Beginning with the line containing "Костюм Спец куртка" and ending with the line containing "Jesse Hsu in", write out each line of the records below exactly; pictures and lines outside that range are left out.

Data extract |
● ● ●

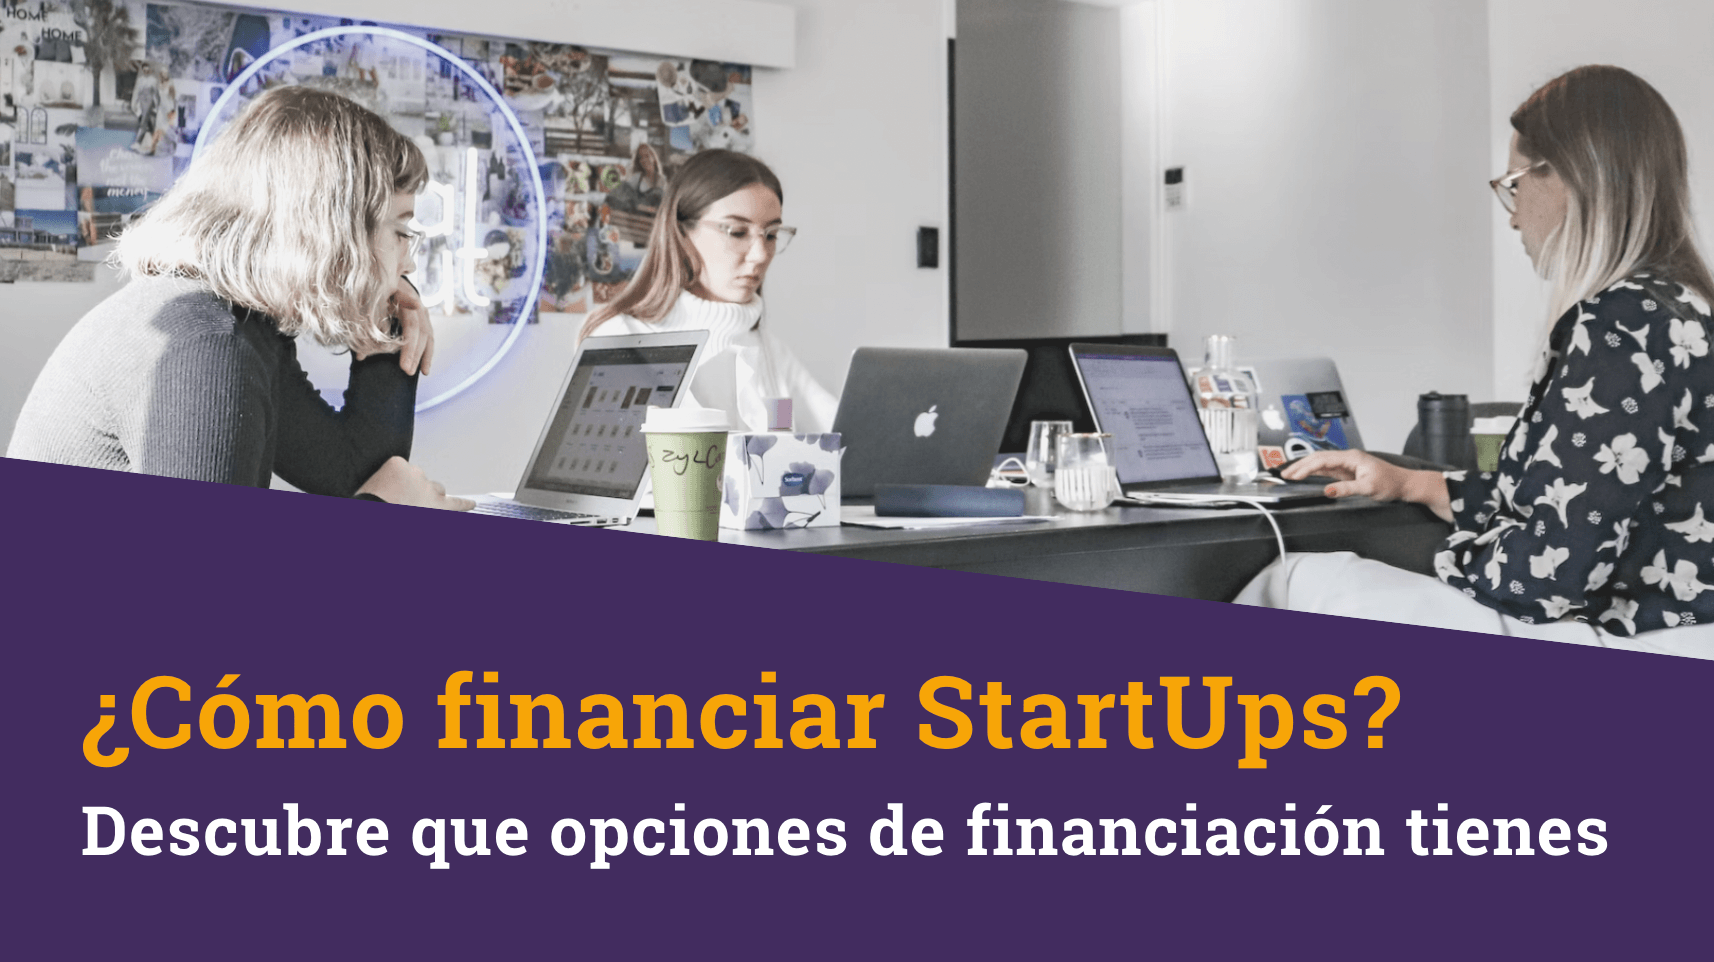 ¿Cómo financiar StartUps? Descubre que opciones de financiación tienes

● ● ●

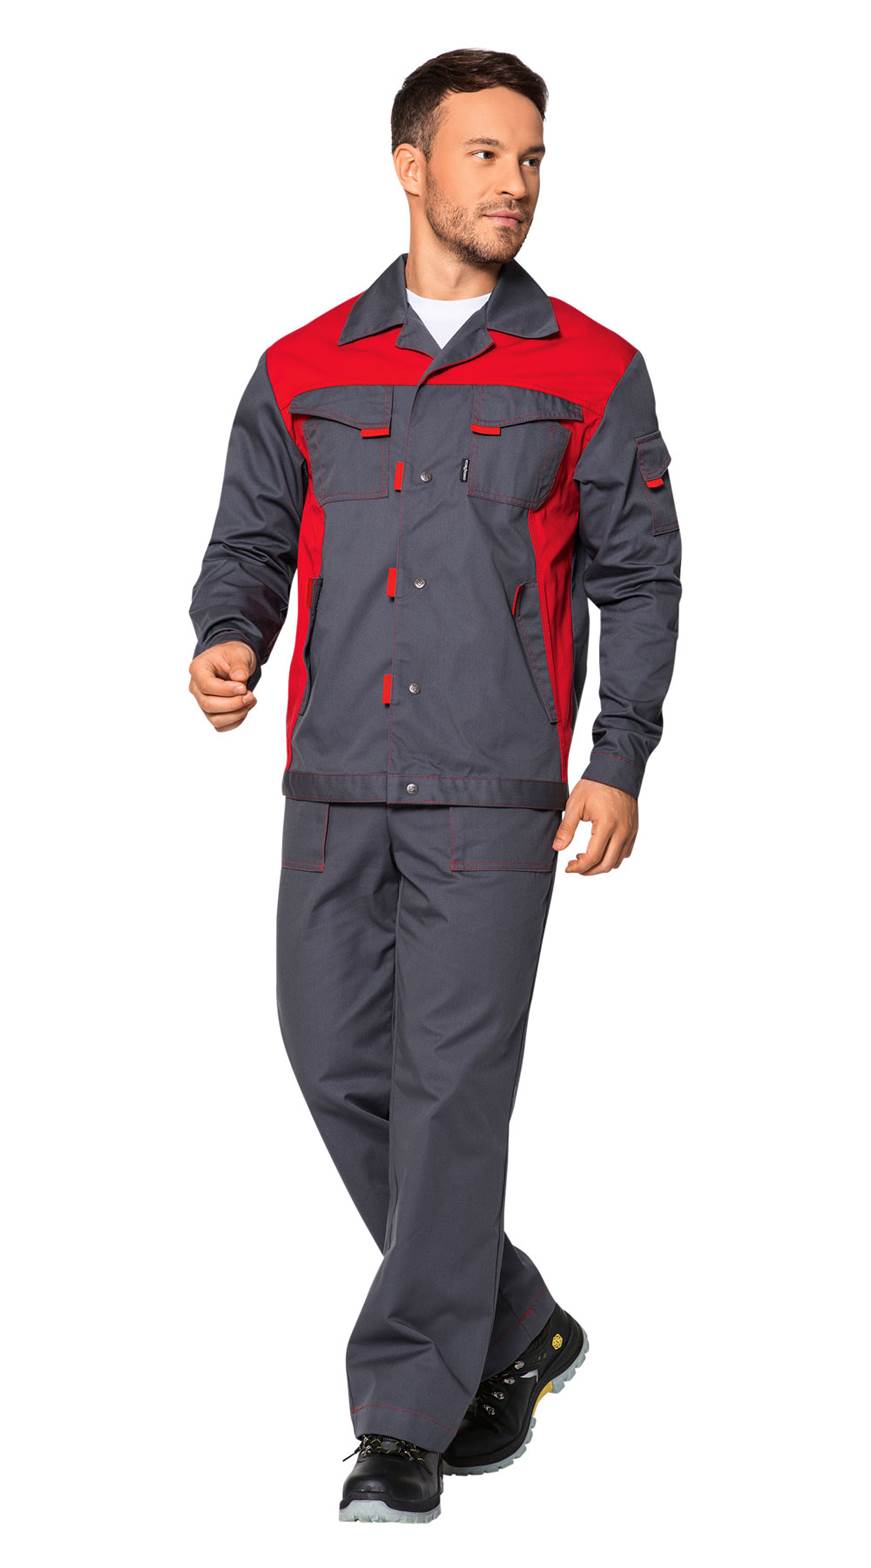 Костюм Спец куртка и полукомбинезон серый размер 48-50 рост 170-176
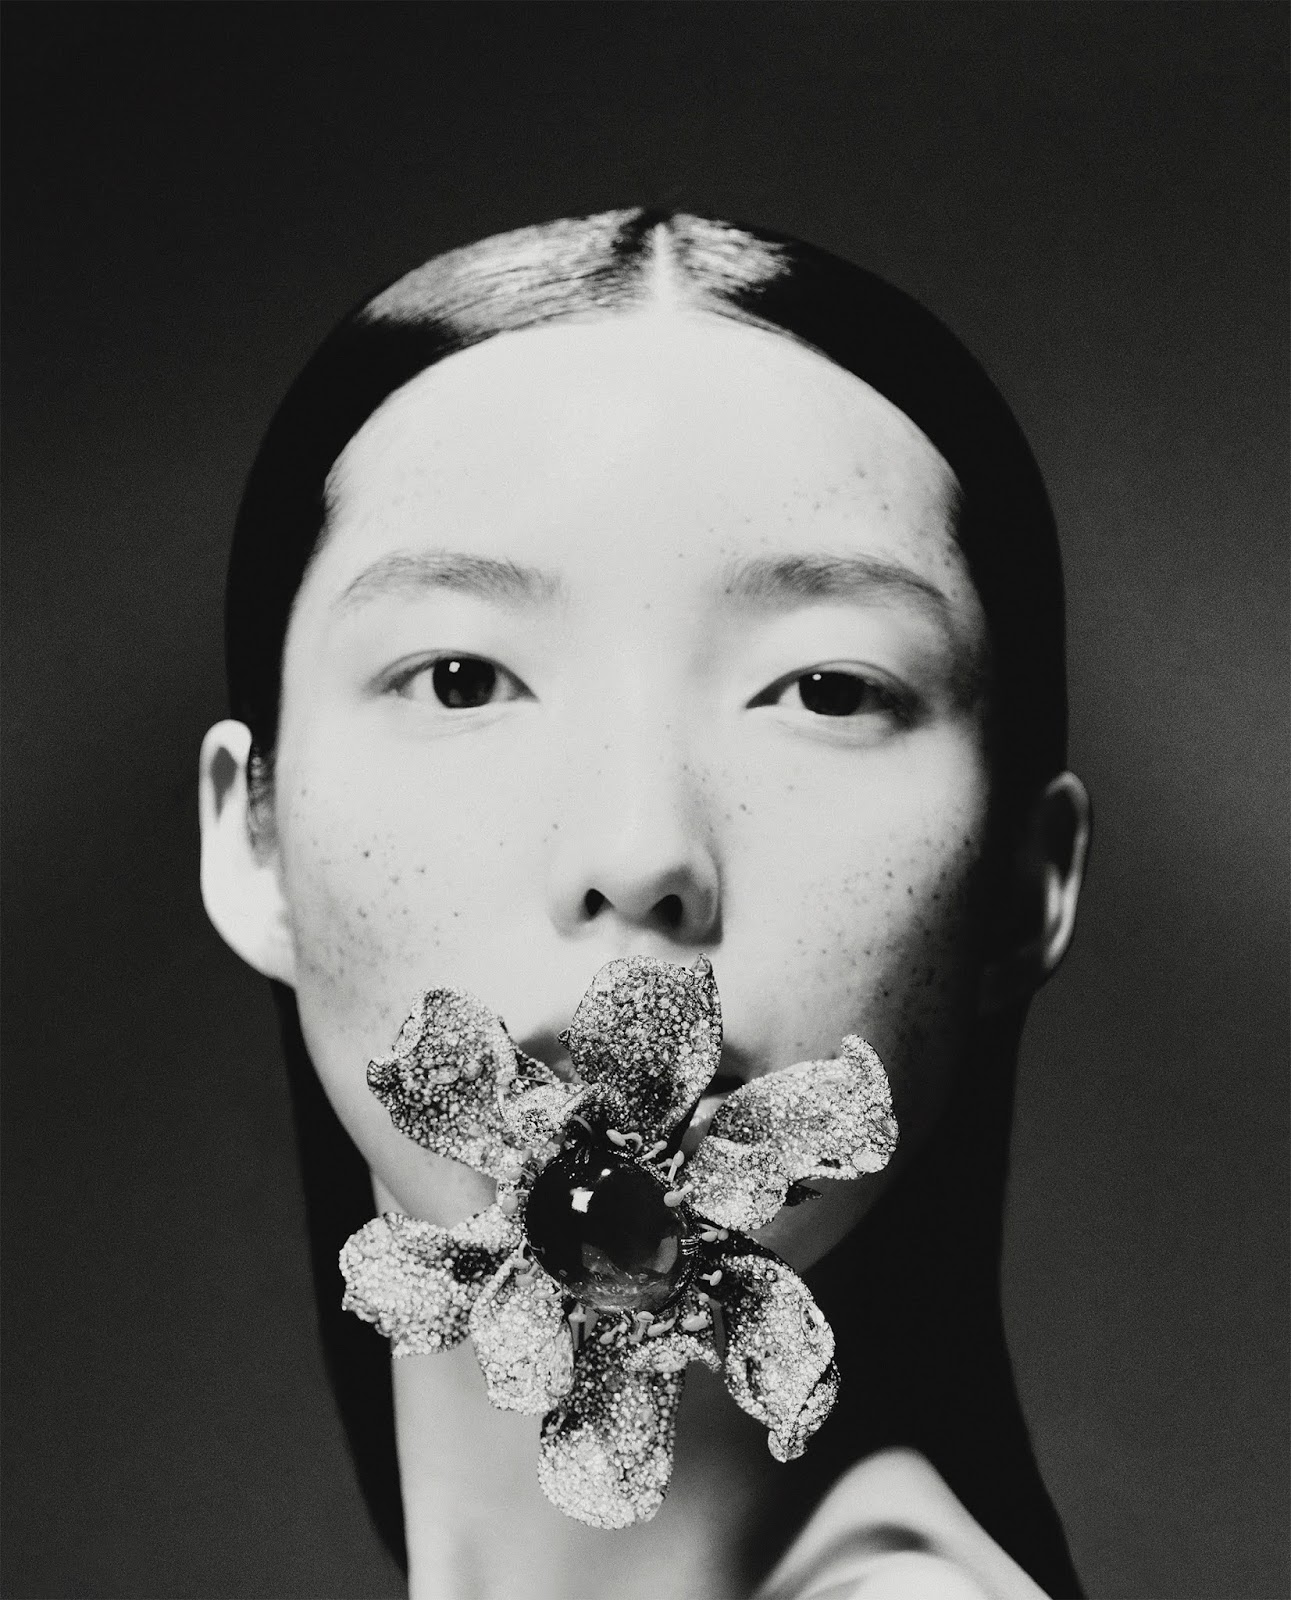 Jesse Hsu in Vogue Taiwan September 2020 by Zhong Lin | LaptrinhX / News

● ● ●

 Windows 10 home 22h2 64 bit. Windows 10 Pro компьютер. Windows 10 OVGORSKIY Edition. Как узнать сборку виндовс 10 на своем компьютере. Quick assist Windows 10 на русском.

● ● ●

Answer section |
 Костюм Спец куртка и полукомбинезон серый размер 48-50 рост 170-176
 Jesse Hsu in Vogue Taiwan September 2020 by Zhong Lin | LaptrinhX / News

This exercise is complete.